Descent on the up…
Immortal Frost Productions revisit the rousing debut album from Belgian quartet Drawn Into Descent, reissued on September 25, 2017 and reviewed here by Paul Castles
Wiegedood have been successfully flying the flag for Belgium’s extreme metal scene with increasing verve of late. Now their compatriots Drawn Into Descent look set to follow the path cleared by Wiegedood’s scorched black metal soundscapes. Drawn Into Descent are not though Wiegedood II. Their ever shifting sonic patterns are less fierce and confrontational. Which does not mean they are any less compelling. It’s simply that they operate in a different sonic spectrum.
Drawn Into Descent started out in 2013 with this self-titled debut album following a couple of years later. It has though received a recent re-release, courtesy of Immortal Frost Productions, who have wisely pushed the button on a 1,000-press CD run.
So for those who missed the boat two years ago what can they expect this time around? Well, the album explores dark moody environments in which the atmosphere is one of haunting foreboding. Yet while gloomy and despondent in places, what Drawn Into Descent don’t do is merely wallow in grief. There is hope carried within these instrumental lines and sufficient mellow moments to make this a refreshing and rewarding listen rather than an endurance course you are expected to conquer.

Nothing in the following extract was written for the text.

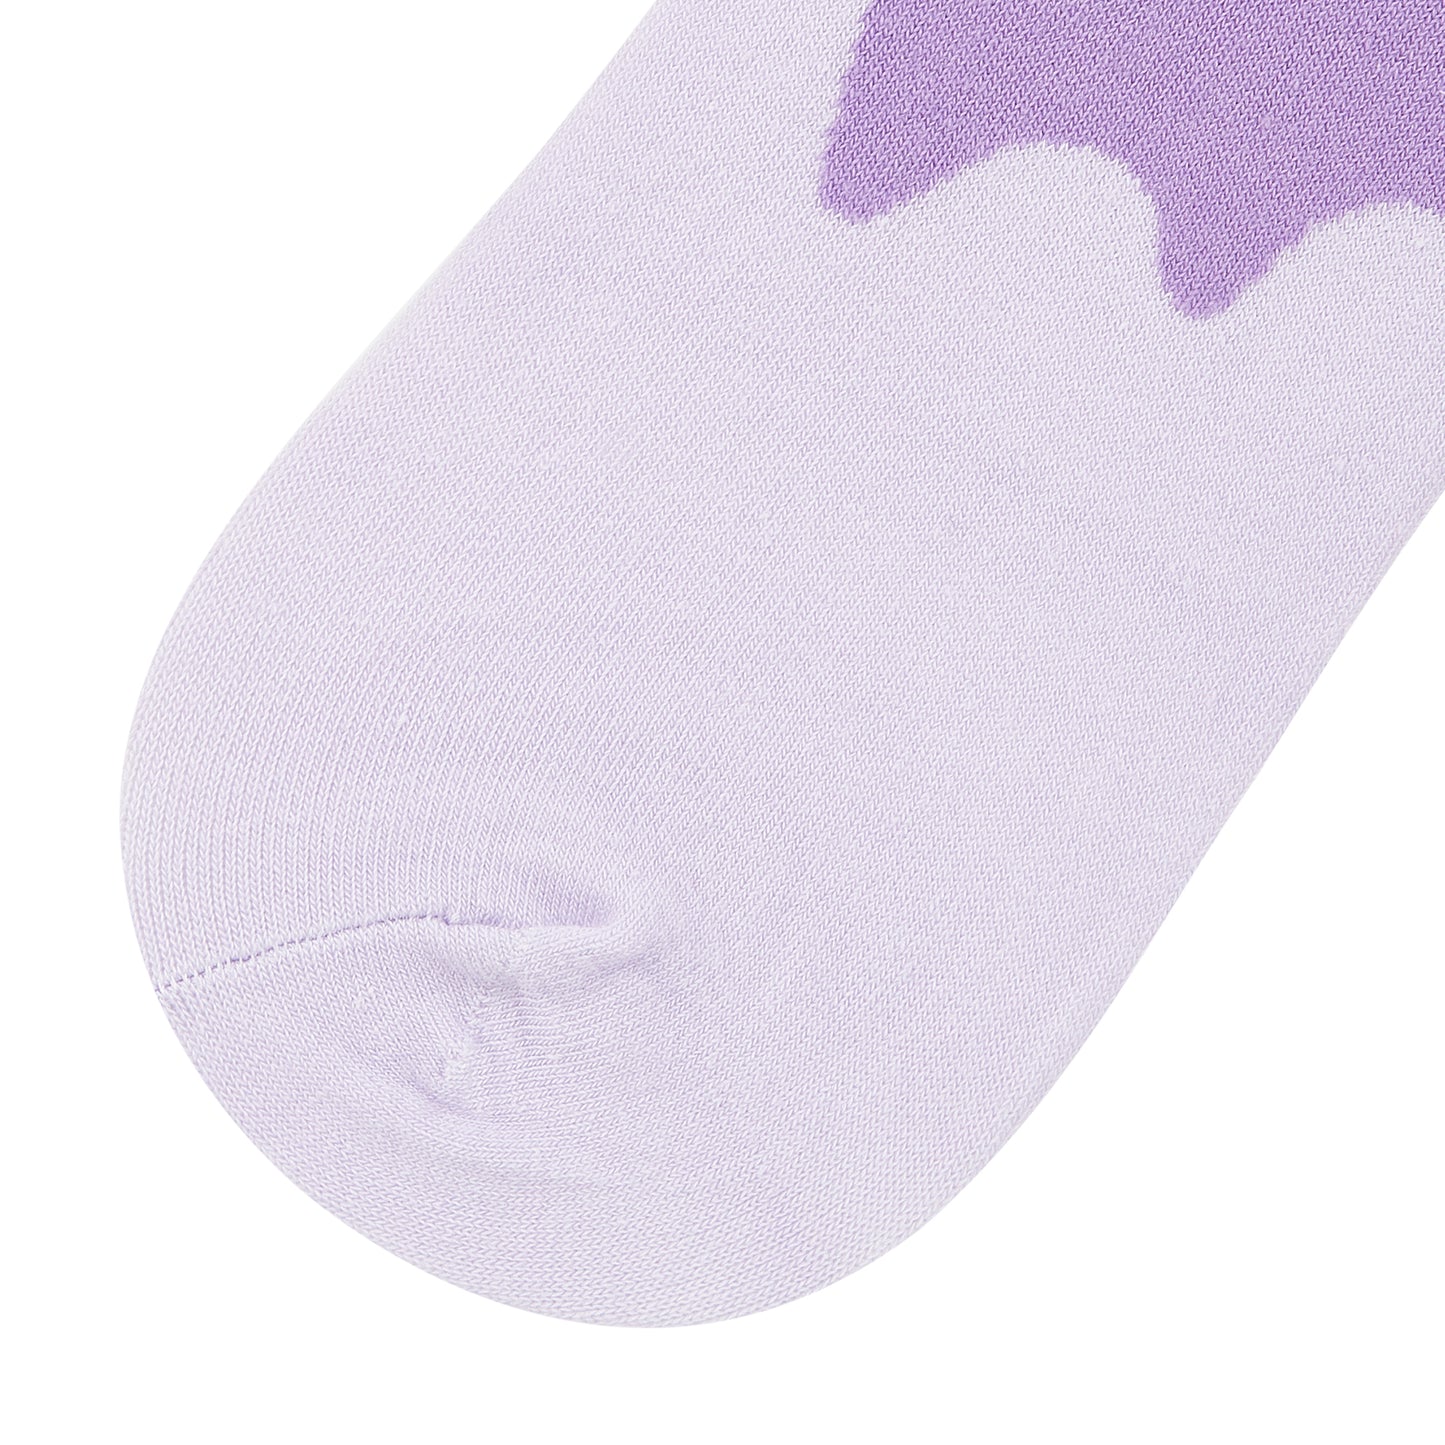 IDENTITY Ladies Gradient Paint Ankle Length Socks - IDENTITY Apparel Shop

After the gentle waves of shimmering instrumental opener ‘Prelude’ have subsided, Drawn Into Descent start to reveal a little more of themselves on ‘Elude’. This is a majestic piece that stretches out into the ether and then winds its ways around a gently undulating course full of luxurious curves and climbs. The vocal tones are husky rather than gravelley and they are sung rather than spat out, albeit in a strained shape. So while the black clouds seldom stray from above our heads there is a satisfying depth to this track in which momentum gathers brilliantly, new peaks aimed for and reached with sparkling abandon as Drawn Into Descent meticulously pile on the emotion, heartstrings plucked with ever increasing urgency.
‘Solitude’ is the third of the six compositions and at close to 10 minutes the longest. After an ambient melodic start the arrival of more forceful guitars and drums signal a sonic shift as some hefty grooves are served up, the tempo significantly raised. While solemn in tone, ‘Solitude’ is also a song rich in texture, Drawn Into Descent superbly embedding some death metal style growls from vocalist Bart Dirickx with sweeping arcs of sounds similar to the likes of the imperious northerners My Dying Bride.
The pace up until now has been fairly measured, with the Belgians exerting a close grip on the reins. This grip though definitely starts to loosen by the time we reach the fourth song ‘The Realm Of Unbecoming,’ a number with more bite and certainly played out in a more overtly aggressive style. A gritty cut warns us that the mood is about to turn and the riffs soon crash in with a real venom, at a much faster paced and the vocals switch to full on black metal howls as the blastbeats attack from left and right. To their credit Drawn Into Descent then launch into a great melodic groove that really helps elevate the song to even more inspired heights.
On ‘Pariah’ the mood sinks into one of sheer desolation, the emotive weight compressing the sound as the Belgians plunge deep into the mire as the mood drags them down ever closer to the chambers of sorrow. Bart’s anguished cries are stretched to the absolute max while some of the spiralling guitar solos are spine-tingling in their depth and manner of execution. When the drums are gathered up for one final crescendo push the whole intoxicating effect is little short of mesmerising. ‘Gallows’ is a commanding album closer, superbly showcasing the best of what Drawn Into Descent have to offer. The contours are illuminated by some great solo work while the gears are moved through with consummate control as the Belgians work the tempo from every angle, unleashing a rasping groove in the climactic closing stages, vocals frequently silenced, as the instrumental surges are allowed to speak on their own, unchallenged.
Apparently a follow-up album from Drawn Into Descent may not be too far away. Its delivery is awaited with eager anticipation.